A oltre un anno e mezzo dall’entrata in vigore in Italia della direttiva europea Mifid2 sulla tutela degli investitori, le informazioni sui costi dei servizi di investimento e sui prodotti finanziari sono spesso fornite in modo incompleto, con modalità non formalizzate e senza indicarne l’impatto sui rendimenti degli strumenti finanziari in portafoglio.
La mancata aderenza delle informazioni trasmesse dagli intermediari italiani agli schemi previsti dalle regole europee riduce la trasparenza e la confrontabilità delle condizioni economiche applicate ai clienti dei servizi di investimento e ne impedisce una valutazione obiettiva.

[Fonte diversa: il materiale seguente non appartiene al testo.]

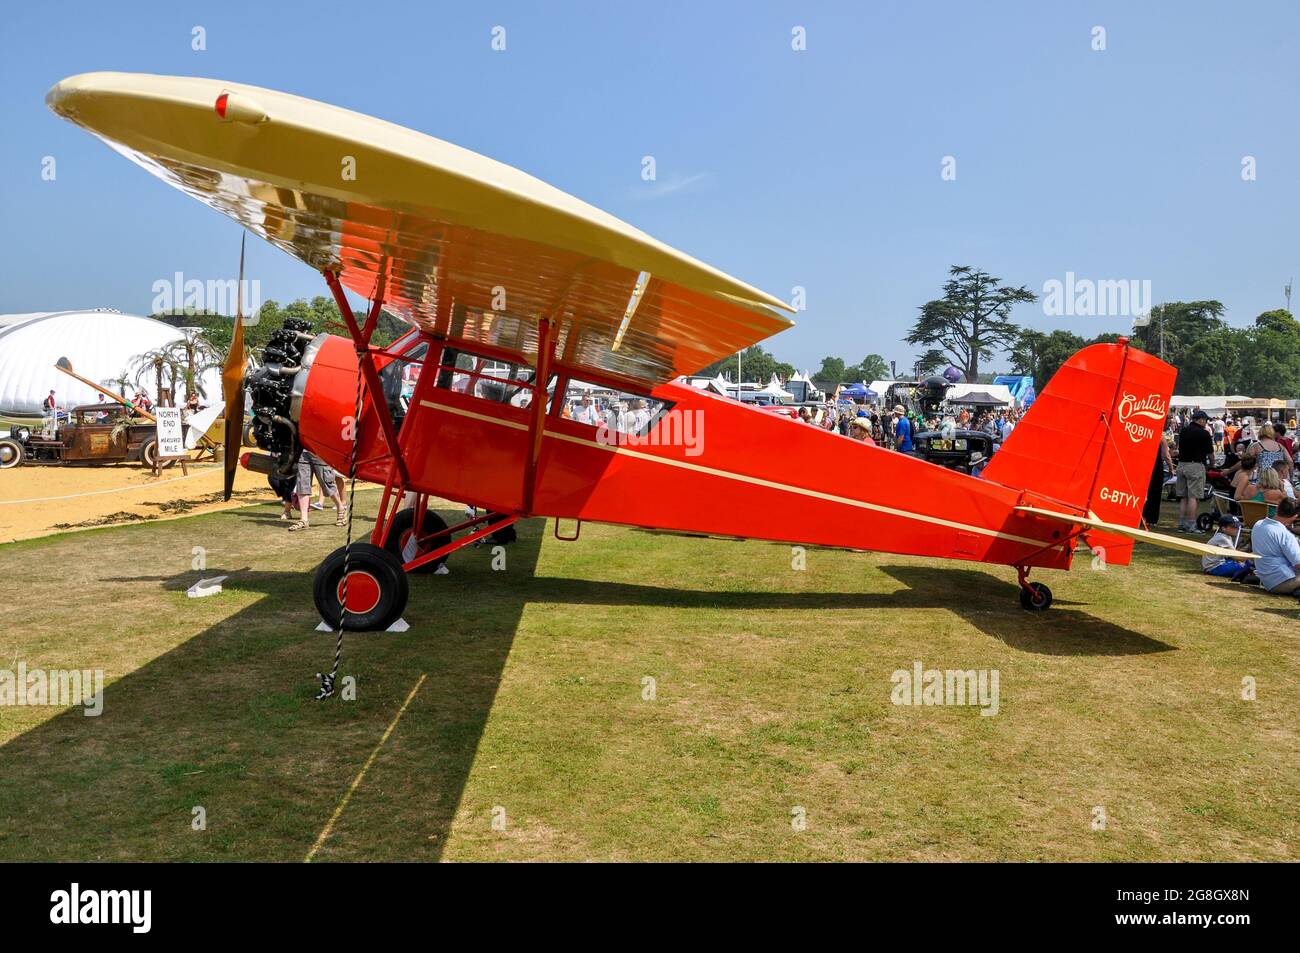 Curtiss Robin high wing monoplane G-BTYY at the Goodwood Festival of Speed event, UK. Curtiss Robertson C-2 Robin built 1929 Stock Photo

Le lacune sono ancora più significative se si considera che l’applicazione in Italia delle regole della Mifid2 è stata fatta slittare di 12 mesi (era originariamente prevista a gennaio 2017) proprio per consentire a tutti gli intermediari di rispettare i nuovi obblighi di trasparenza.
Sono i principali, allarmanti risultati di uno studio sull’effettivo adeguamento degli intermediari finanziari alla normativa europea a tutela dei risparmiatori introdotta in Italia il 3 gennaio 2018 dalla direttiva Mifid2. La ricerca è stata realizzata da Moneyfarm, società di investimenti online fondata nel 2011, in collaborazione con la Scuola di management del Politecnico di Milano.
COS’E’ MIFID2
Mifid2, la direttiva europea per investire consapevolmente
In vigore da gennaio 2018, prevede regole stringenti sulla trasparenza dei costi dei servizi finanziari. Nonostante i richiami europei e della Consob, gli operatori ancora svicolano
ANALIZZATI I 20 BIG DEL SETTORE
La prima parte della ricerca, resa nota sinora, ha analizzato in particolare la comunicazione dei costi e degli oneri del servizio d’investimento in base alle informative ex ante prodotte da 20 fra i più importanti intermediari finanziari operanti in Italia:
Allianz Bank Financial Advisors,
Azimut Capital Management,
Banco Bpm e Banca Aletti del gruppo Banco Bpm,
Bnl e Bnp Paribas – Life Banker del gruppo Bnp Paribas,
Bper Banca,
Credito Emiliano,
Deutsche Bank,
Fineco Bank,
Banca Generali Private,
Fideuram e Intesa San Paolo private banking del gruppo Intesa Sanpaolo,
Banca Widiba del gruppo Mps,
Ing Bank,
CheBanca! del gruppo Mediobanca,
Banca Mediolanum,
IW Bank del gruppo Ubi,
Unicredit
Unipol Banca.
RISULTATI SCONFORTANTI
I risultati della ricerca sono sconfortanti: nonostante il recepimento delle norme della direttiva europea sia stato posticipata di 12 mesi per consentire a tutti gli intermediari di prepararsi adeguatamente all’adempimento dei nuovi obblighi di trasparenza (l’avvio infatti era originariamente previsto da gennaio 2017), solo il 25% delle aziende di consulenza finanziaria ha una conformità totale alla tabella 1 della direttiva Mifid 2 per quanto riguarda la comunicazione e informativa ex ante dei costi e degli oneri dei servizi di investimento. Un altro 25% non ha alcuna conformità alle richieste della Mifid2. Del restante 50%, una metà (25%) ha una conformità pari ad appena il 20% delle regole Mifid2. Le risposte del campione sono state trattate in forma anonima.